There are different kinds of poverty and they require different solutions, writes Digby Anderson

Do you wish to know whether a particular bishop is serious and sincere or up to no good? Here is a little test. It may not help on all matters but it does cover social teaching and that is what so many of them are so keen to talk about. The way people react to poverty tends to tell us more about them than about it. Simply find a statement where they go on about the poor (the ones here not in the third world). Then apply the test to reveal their motivations. Are they saints sincerely and practically trying to help poor people or they merely keen to show off their compassionate credentials? The test is called disaggregation.

Reasons for poverty

The sincere and practical speaker will immediately disaggregate the poor, making distinctions between different sorts of poverty. There are as many reasons for being poor as for being rich. Some poor people are temporarily poor, between jobs or during an impermanent illness or after a costly event such as divorce.

Others have been poor all their lives and their parents too. Long-term and transgenerational poverty may give rise to a `culture of poverty: Again, some poor people may live in an area which is `structurally poor’ and be unable to move to find work. Others may be able to move but refuse to do so. Skills can become outdated. Time and place can work together. Some areas have seasonal p overty, notably seaside towns. Here not working maybe `normal’ during some months of the year. The young poor may have different problems from the elderly. Either can be deserving or not.

Group and individual factors

Some of the poor are poor as a result of external forces such as low wages or the benefit system. The latter may impoverish because it gives too little or because it gives too much — in comparison with wage rates and results in welfare dependency. Poverty may be caused not only through low income but incompetent expenditure, failure to budget, ill-judged credit as well as `addictions’ to alcohol or drugs. These are the behavioural causes of poverty. Principal among them is lone parenthood caused by male abandonment, divorce or no-marriage or other arrangement. Such behaviour leaves usually young women on low or no wages.

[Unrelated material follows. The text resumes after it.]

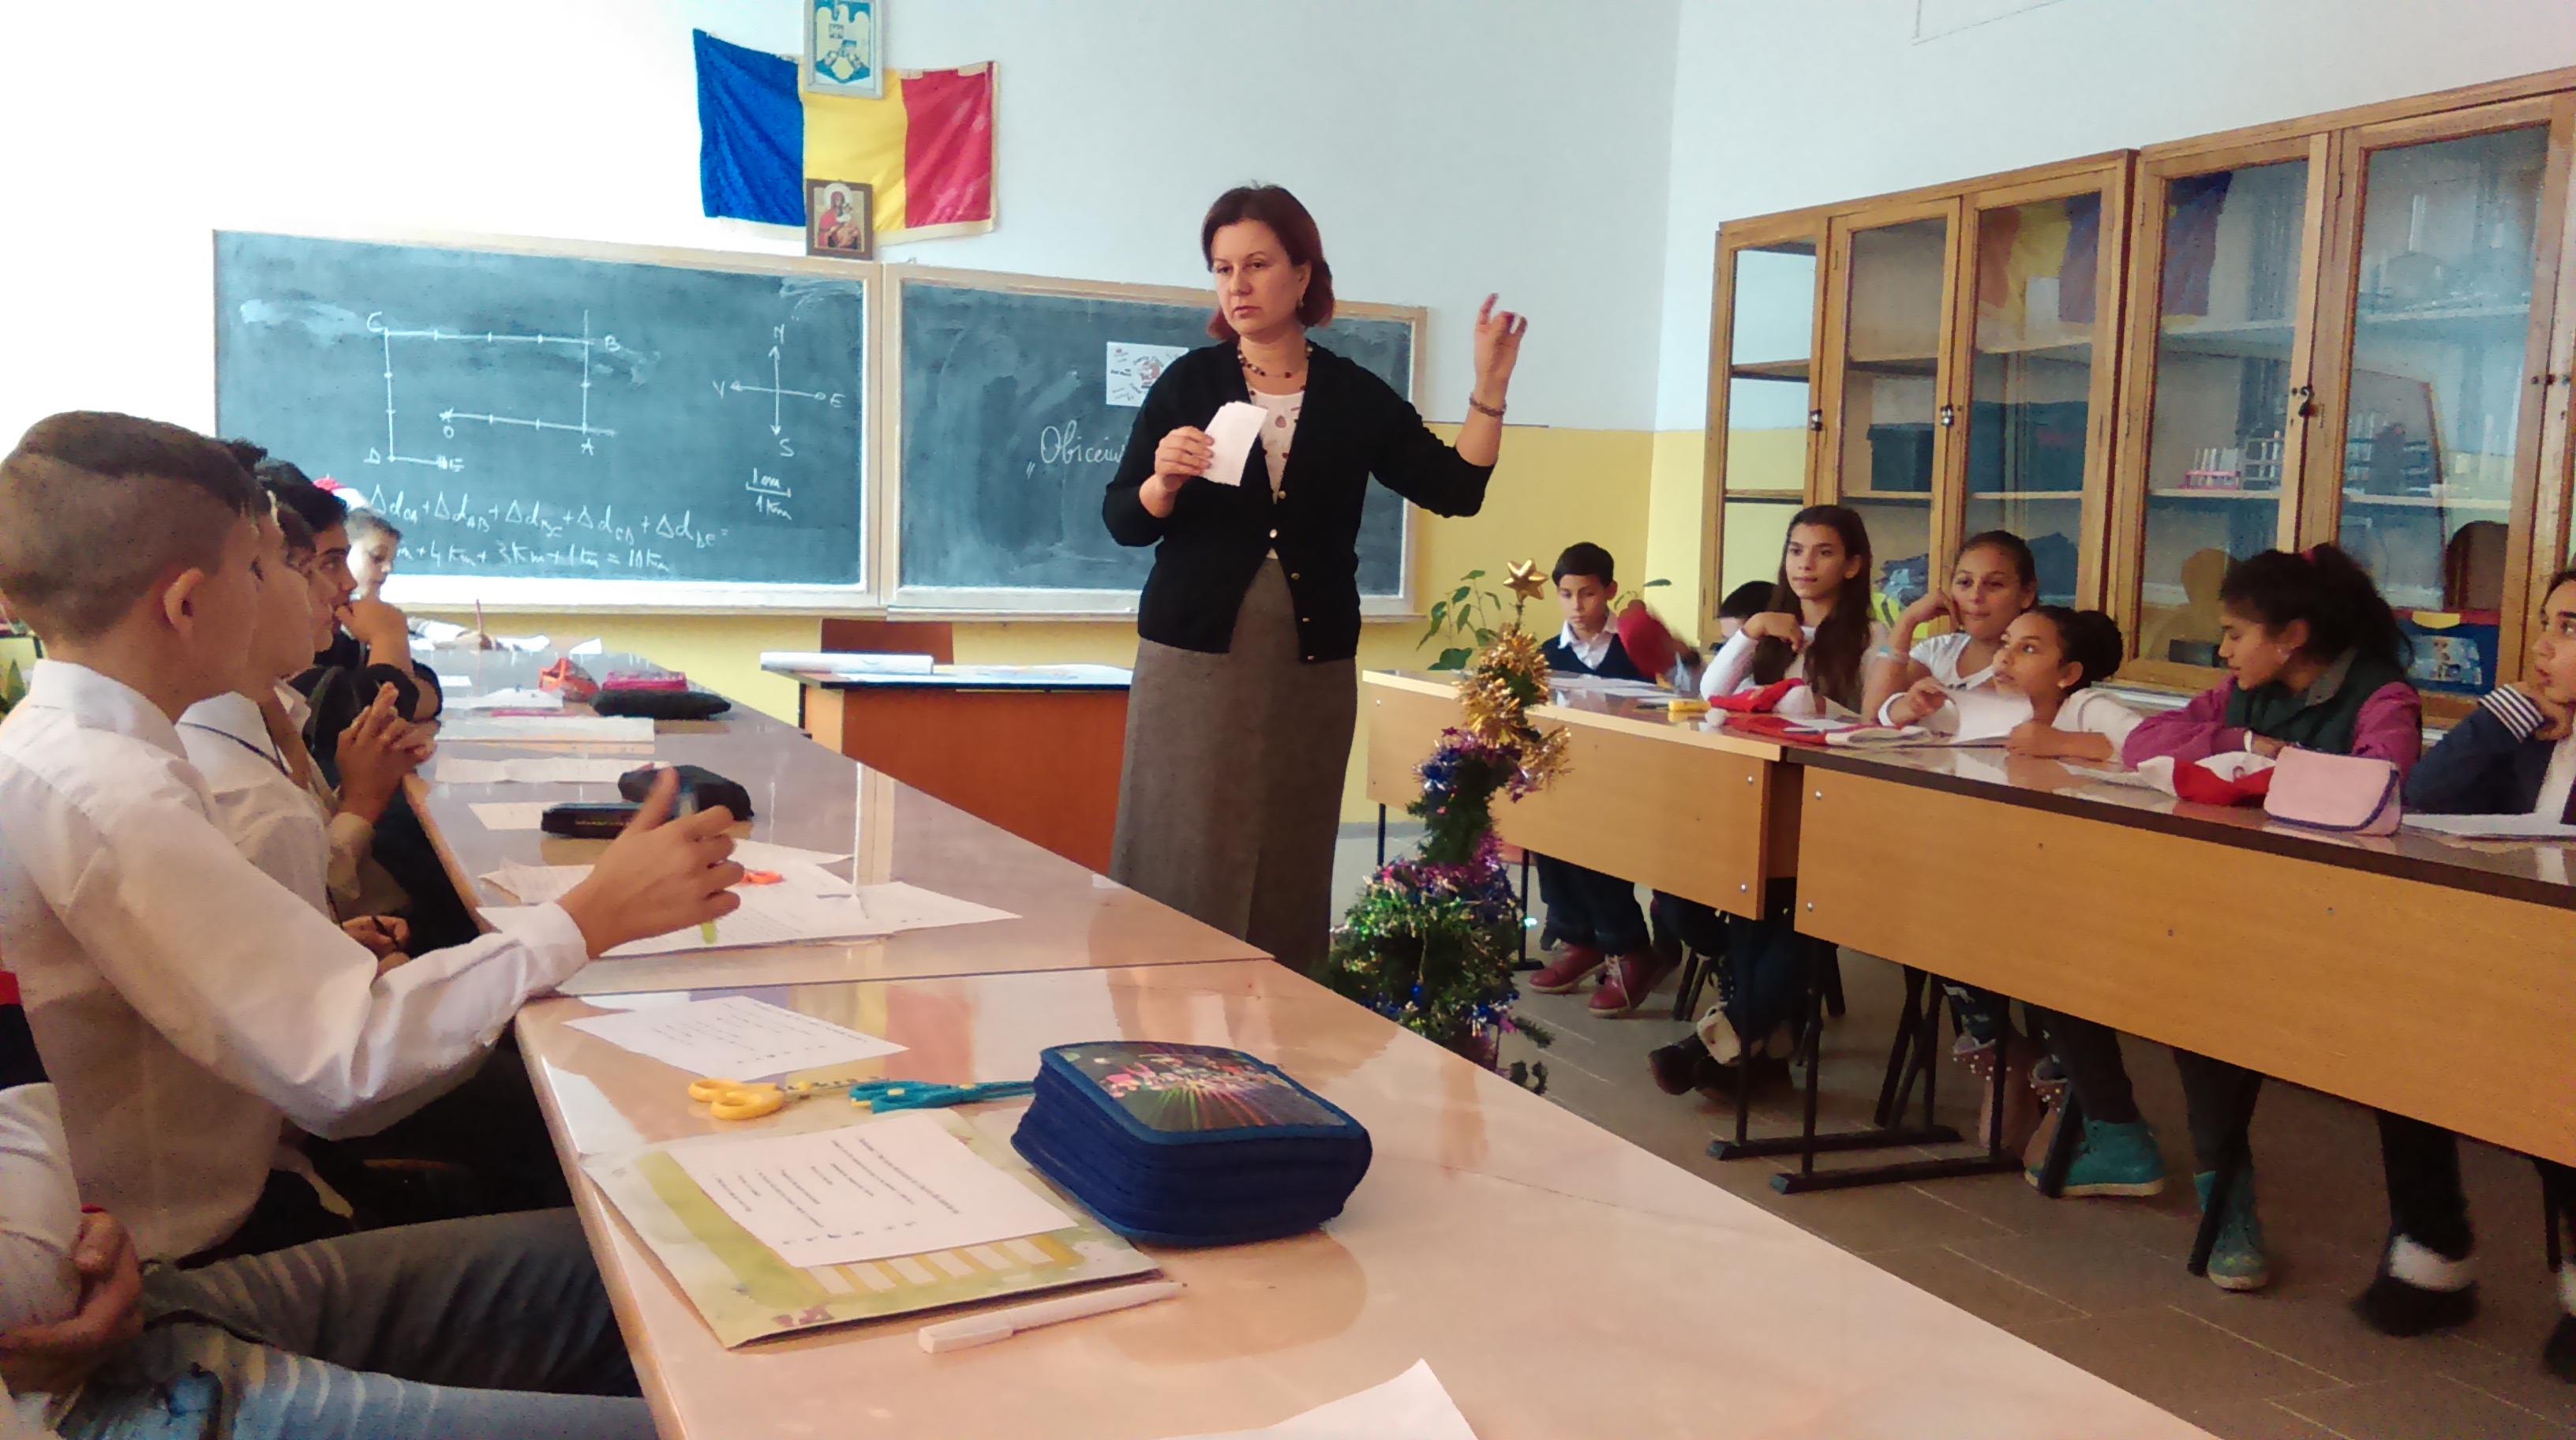 Decembrie 2014 școala Gimnazială Anton Pann Ploiești

The difference among the poor is not only between this or that group. It can come down to the difference between individuals. Ordinary priests and parishioners do not only look at the incomes of those who ask for their help. They differentiate between those who will use help to buy bread and those who will buy drugs. State welfare systems are not much good at such differentiation.

Varied definitions

And ordinary people think of poverty as the lack of money to buy the necessities of life. Politicians, especially Eurocrat politicians, think poverty is relative. He is poor because he has less than someone else, perhaps he has only half the average Euro-income, only one car per family. And even more expansive politicians use poverty to describe a state where lack of income or other factors exclude someone from the mainstream of life whatever that may be. Such ideas are not unworthy of people’s consideration but they too must be disaggregated from old-fashioned poverty.

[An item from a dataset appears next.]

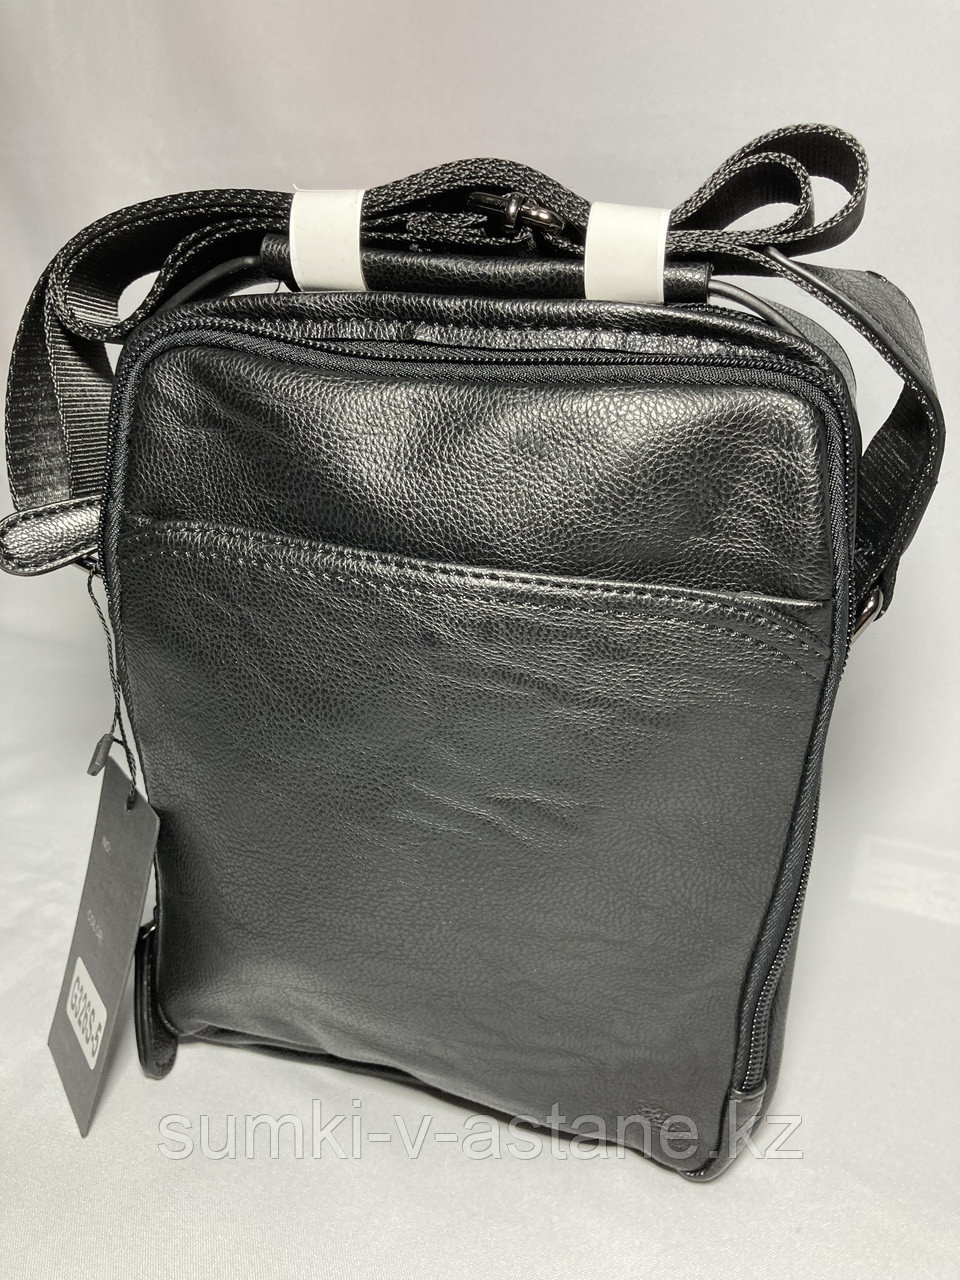 Мужская сумка через плечо "Cantlor" (высота 24 см, ширина 20 см, глубина 5 см)

There is another way in which common moral sense disaggregates the poor. The kind soul may distinguish between those who have a greater and lesser call on his particular charity. This `particularistic ethics’ is sneered at by ethicists or at least those following Kant who think ethics must be universalistic. More fools them, Decent Christian people know they owe more to their own mother than someone else’s; Our Lord was especially solicitous for his Mother. We also know we have a duty to our physical neighbours. The poor of the parish must come before those of Bangladesh, perhaps not instead of but before, Our Lord helped the poor he came across, as did his Good Samaritan,

Practical help

Some of these details may be contentious but the general drift is surely commonsense. There are different sorts of poverty. Each calls for understanding and help. Practical help must fit the different causes of poverty. Therefore the sincere person who would practically help the poor is under a moral obligation to disaggregate them, decide which to help and how. What is the opposite of disaggregation? It is eagerly and undiscriminately to collect every instance of poverty, deliberately ignore the variety of types and causes and herd the lot into a category, the poor. Because the category now includes so many different people and conditions it will be a large number. And that is what this sort of spokesperson for the poor wants, the more poor the better. By showing just how many people are poor and in need of help and by speaking for them all (though probably not for any one of them), he has elevated his own importance. He may also have made the problem of poverty so big that it is beyond private charity and `demands government intervention.

So the test reveals show-offs and politicos for what they are, no friends of any of the poor. I leave it to you to apply the test to Bishop this and Cardinal that, But when you’ve outed the blustering ego, don’t forget yourselves to do a spot of disaggregation and find someone in particular to help.